Raw data
--- START ---

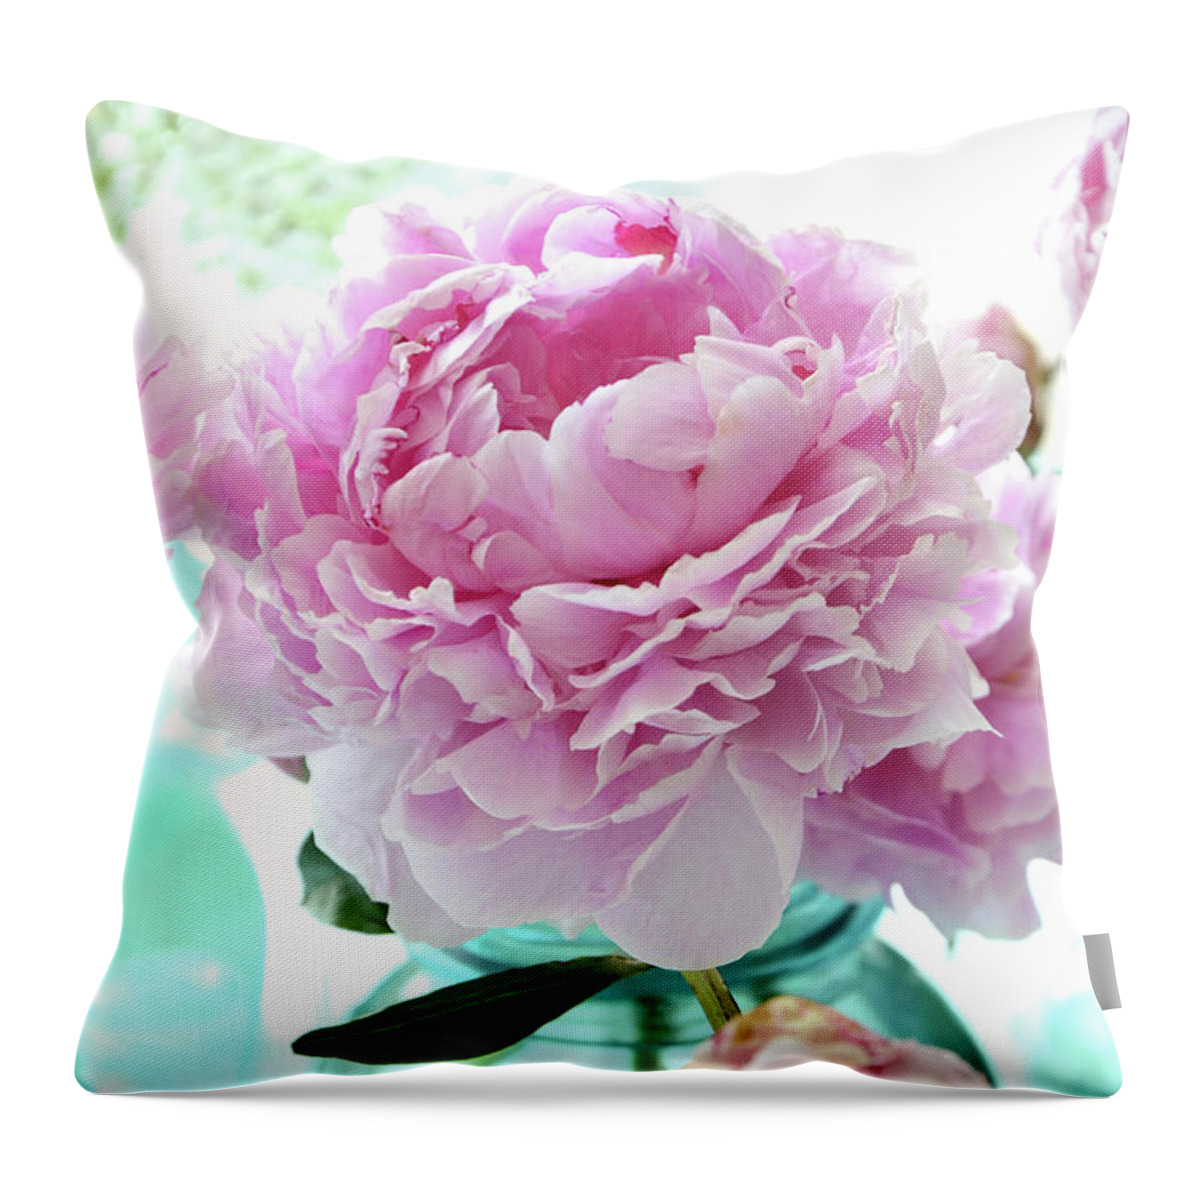 Peonies Throw Pillow featuring the photograph Shabby Chic Romantic Pink Peonies Aqua Mason Ball Jars - Cottage Summer Garden Peonies Decor by Kathy Fornal
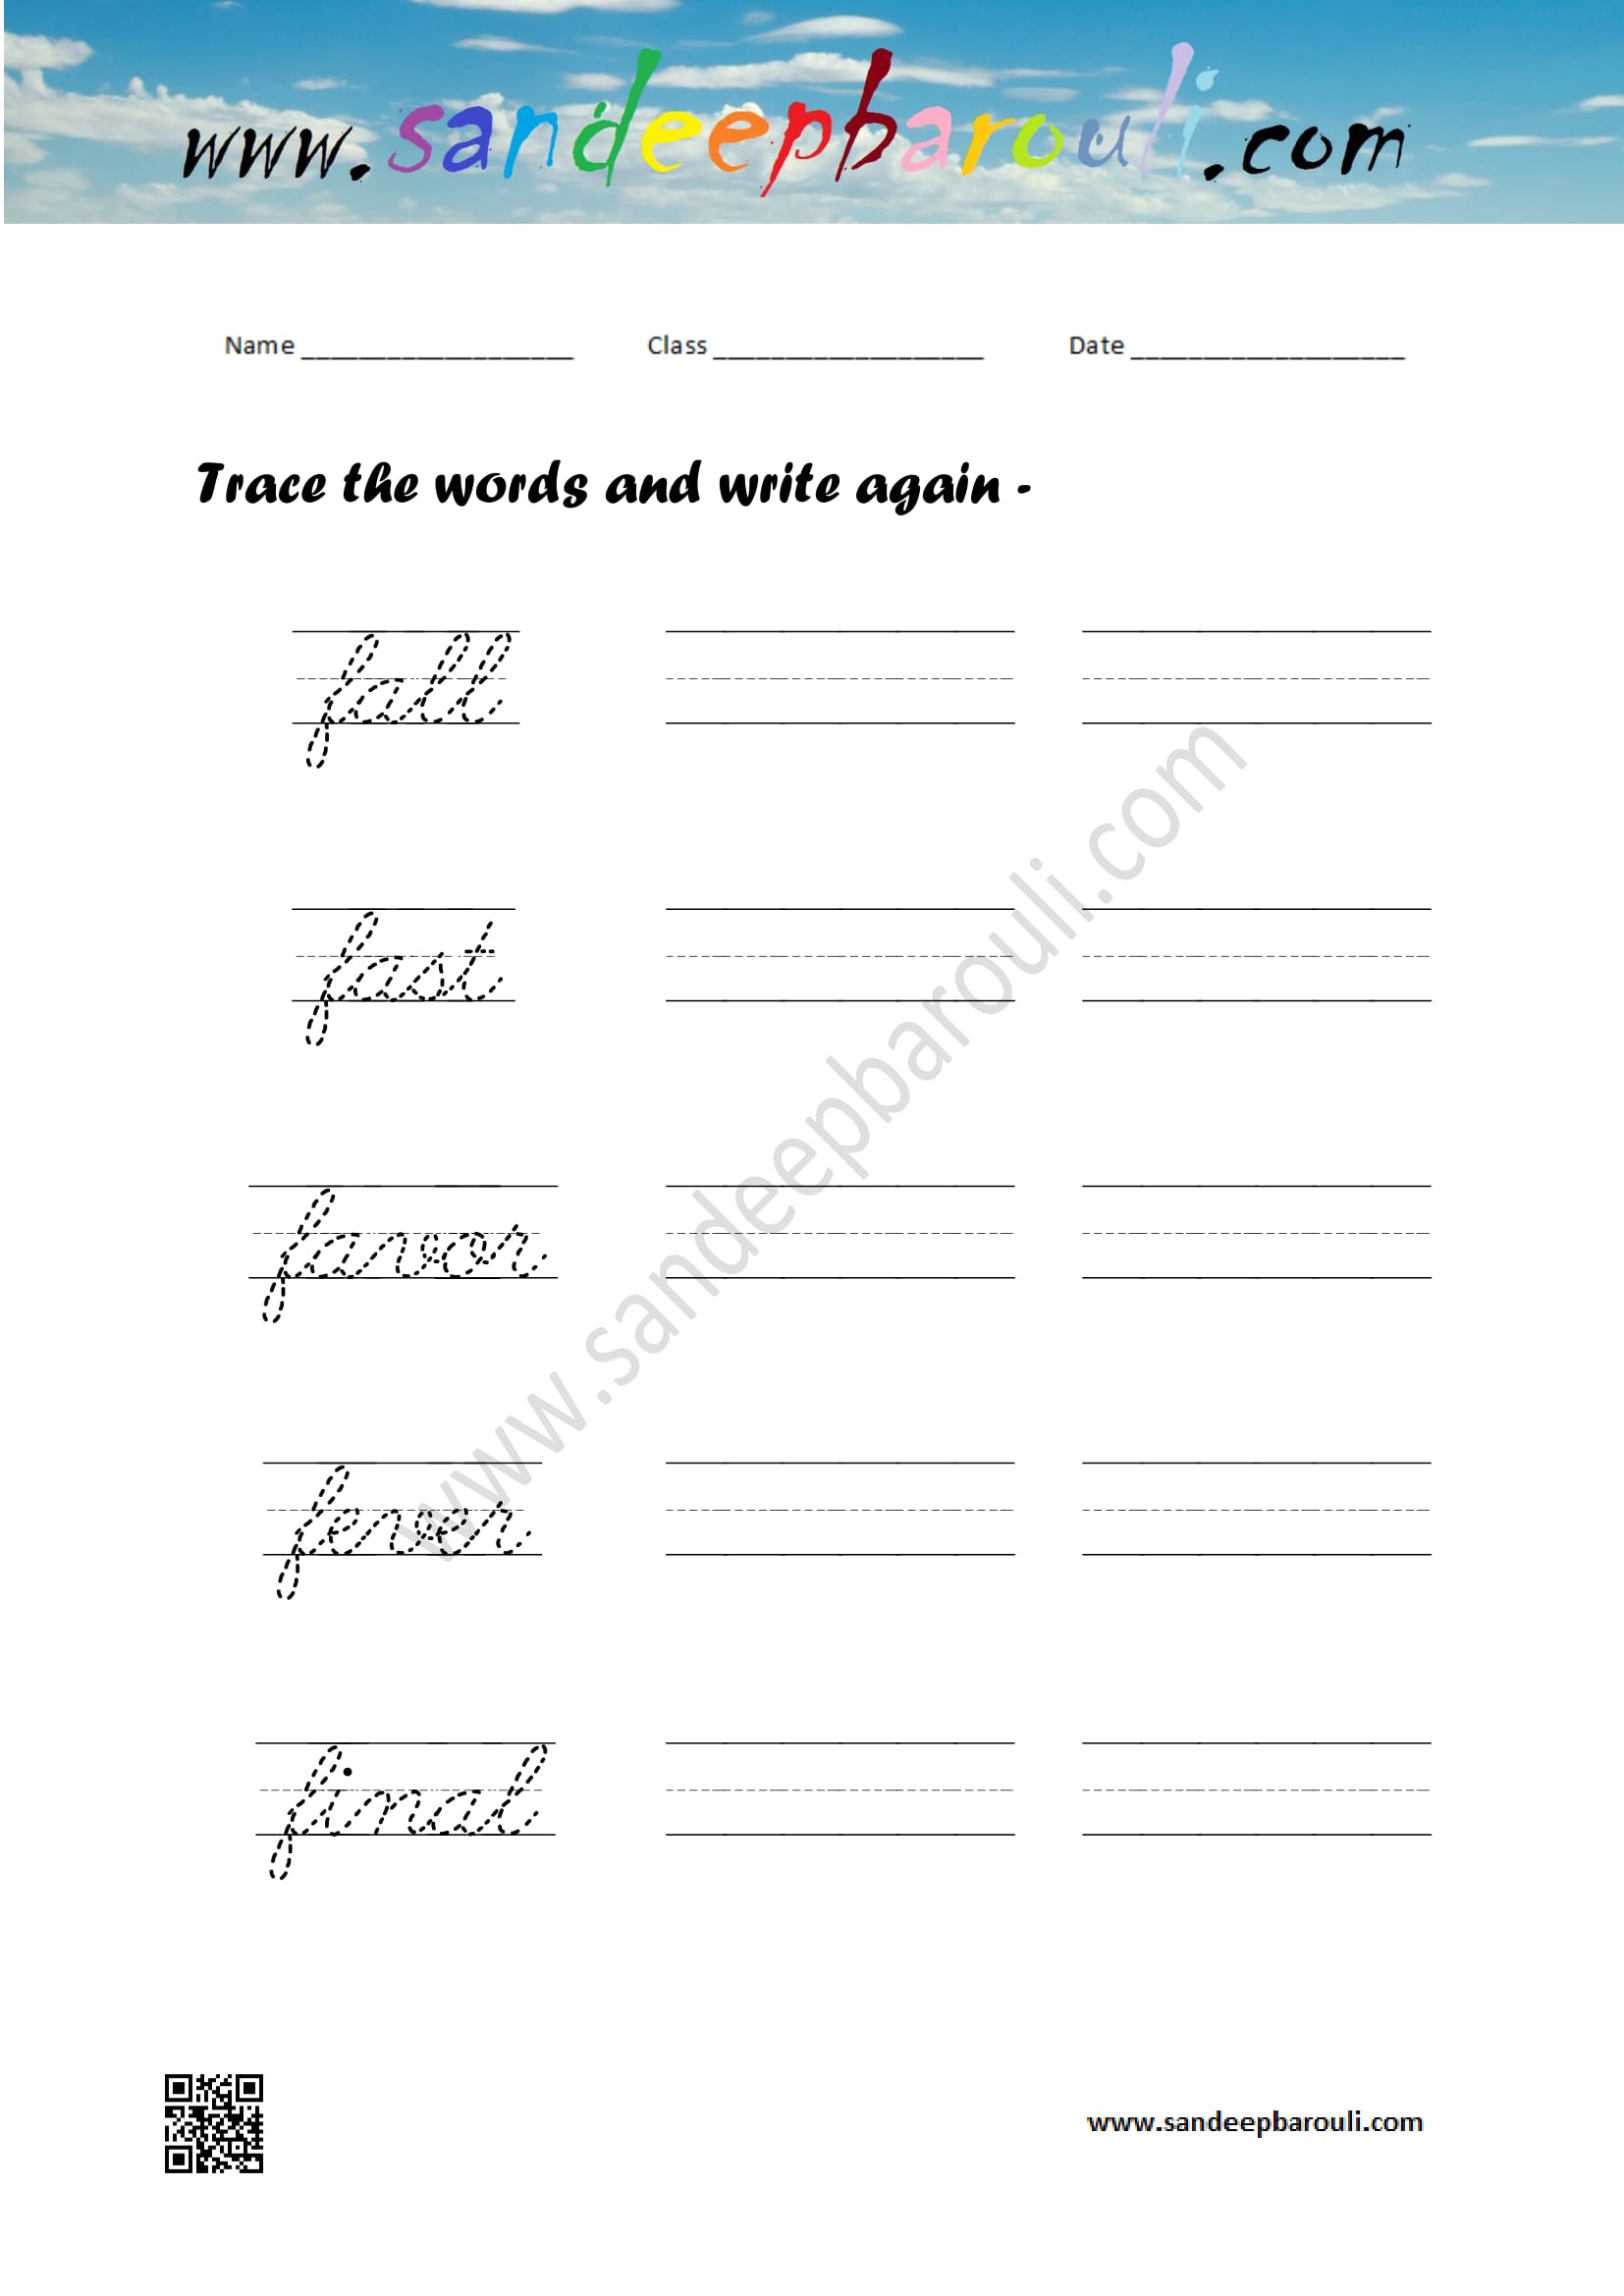 Cursive writing worksheet – trace the words and write again (43)
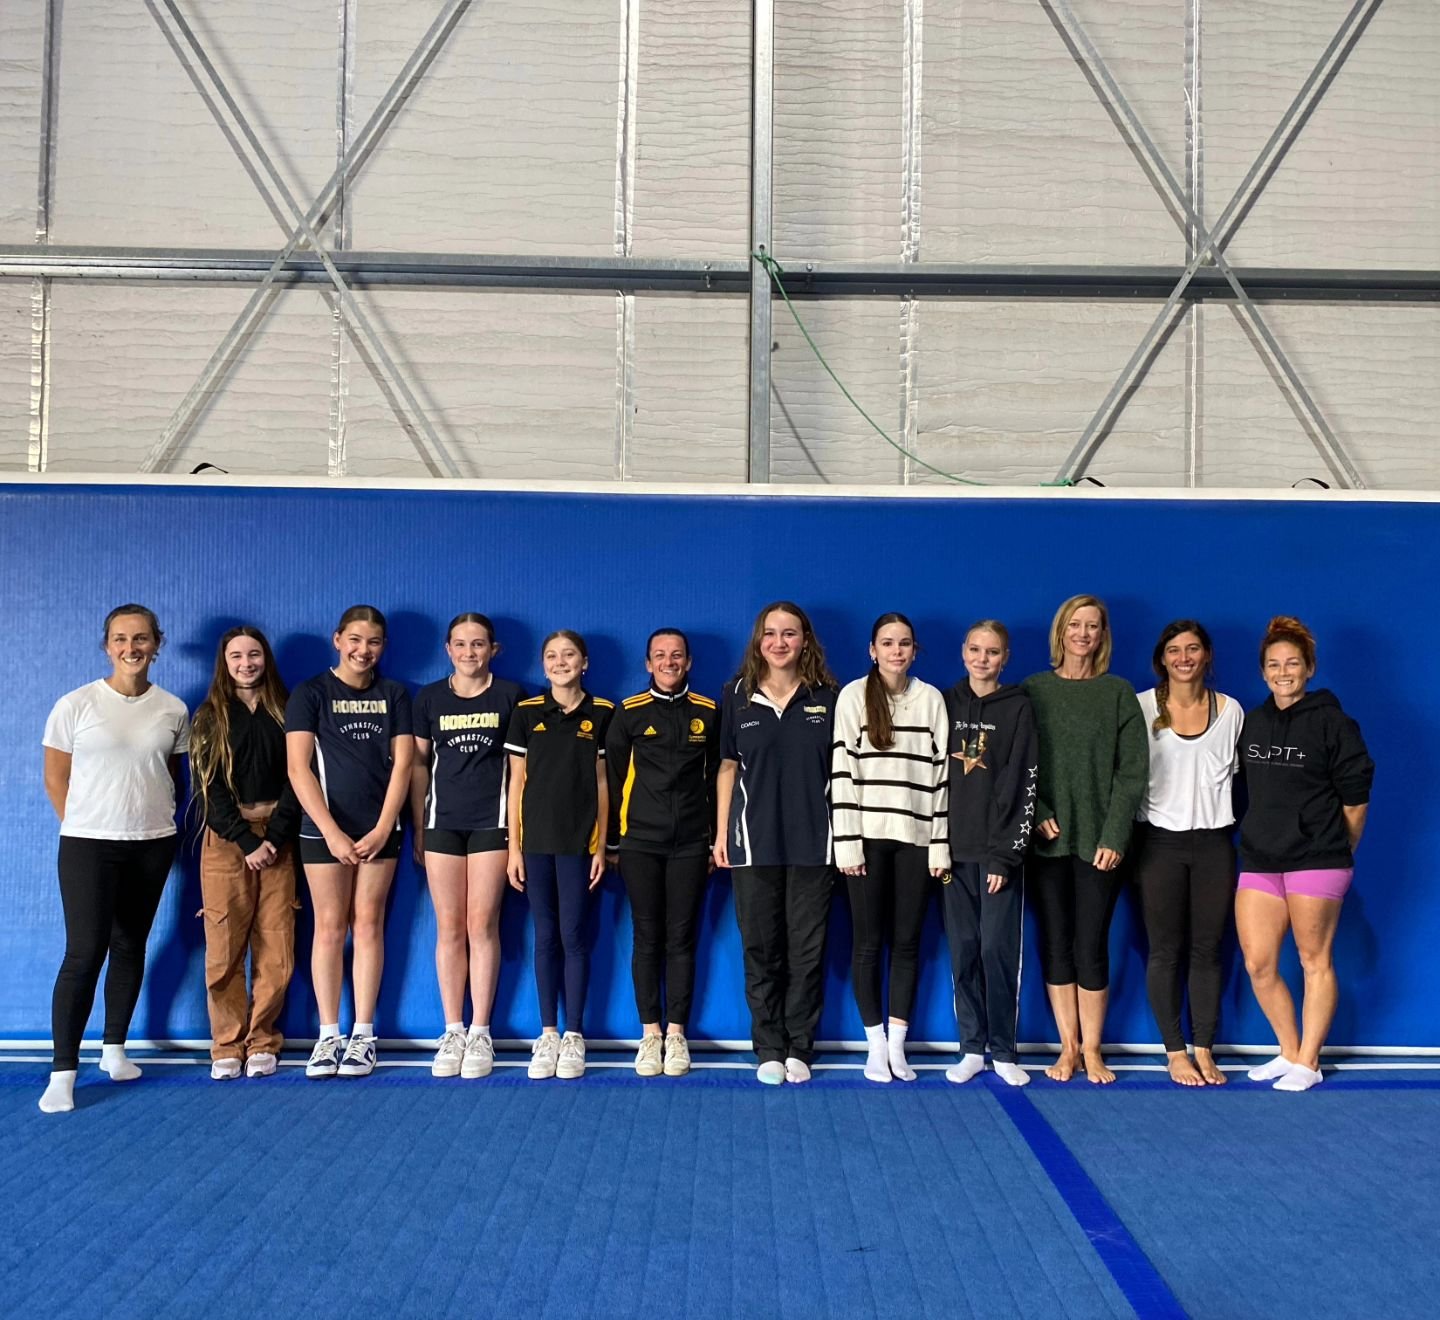 We are Team Horizon 💙💛

Our coaching team spent the morning together as part of our club development and training. We are so grateful to have such a strong team. A team that upholds our vision and purpose for our club and enriches the lives of our

--- END ---

Prompt
Print exactly the lines from the line with "We are Team Horizon 💙💛" through the end of the data, both ends included, and print no pictures.

Task result
 We are Team Horizon 💙💛

Our coaching team spent the morning together as part of our club development and training. We are so grateful to have such a strong team. A team that upholds our vision and purpose for our club and enriches the lives of our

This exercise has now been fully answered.